(Work to be completed): Only a single number is expected: how many lines of the data hold the word "Fabric".

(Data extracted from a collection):

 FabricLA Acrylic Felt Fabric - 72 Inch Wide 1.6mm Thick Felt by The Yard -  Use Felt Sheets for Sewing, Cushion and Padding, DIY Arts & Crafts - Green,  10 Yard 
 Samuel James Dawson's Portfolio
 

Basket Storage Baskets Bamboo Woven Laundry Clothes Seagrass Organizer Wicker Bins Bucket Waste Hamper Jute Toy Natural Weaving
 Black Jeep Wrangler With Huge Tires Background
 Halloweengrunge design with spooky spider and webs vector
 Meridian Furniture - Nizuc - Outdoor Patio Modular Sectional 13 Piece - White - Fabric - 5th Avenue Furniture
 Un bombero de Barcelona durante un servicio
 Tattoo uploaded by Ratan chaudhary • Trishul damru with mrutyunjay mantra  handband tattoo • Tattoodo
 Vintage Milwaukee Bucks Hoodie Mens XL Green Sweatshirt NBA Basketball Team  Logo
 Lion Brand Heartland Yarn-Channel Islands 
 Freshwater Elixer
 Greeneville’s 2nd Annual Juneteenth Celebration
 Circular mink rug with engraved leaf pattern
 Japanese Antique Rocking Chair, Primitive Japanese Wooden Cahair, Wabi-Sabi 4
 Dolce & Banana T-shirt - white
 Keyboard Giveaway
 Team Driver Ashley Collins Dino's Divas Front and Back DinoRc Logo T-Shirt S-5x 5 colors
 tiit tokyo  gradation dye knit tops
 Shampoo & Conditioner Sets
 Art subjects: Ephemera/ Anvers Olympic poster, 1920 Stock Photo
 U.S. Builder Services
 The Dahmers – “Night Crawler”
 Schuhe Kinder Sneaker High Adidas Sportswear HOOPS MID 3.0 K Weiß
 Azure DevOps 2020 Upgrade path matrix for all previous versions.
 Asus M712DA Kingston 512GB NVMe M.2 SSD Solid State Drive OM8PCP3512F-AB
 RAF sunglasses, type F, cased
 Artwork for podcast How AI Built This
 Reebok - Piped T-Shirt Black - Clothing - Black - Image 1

(Answer section): 2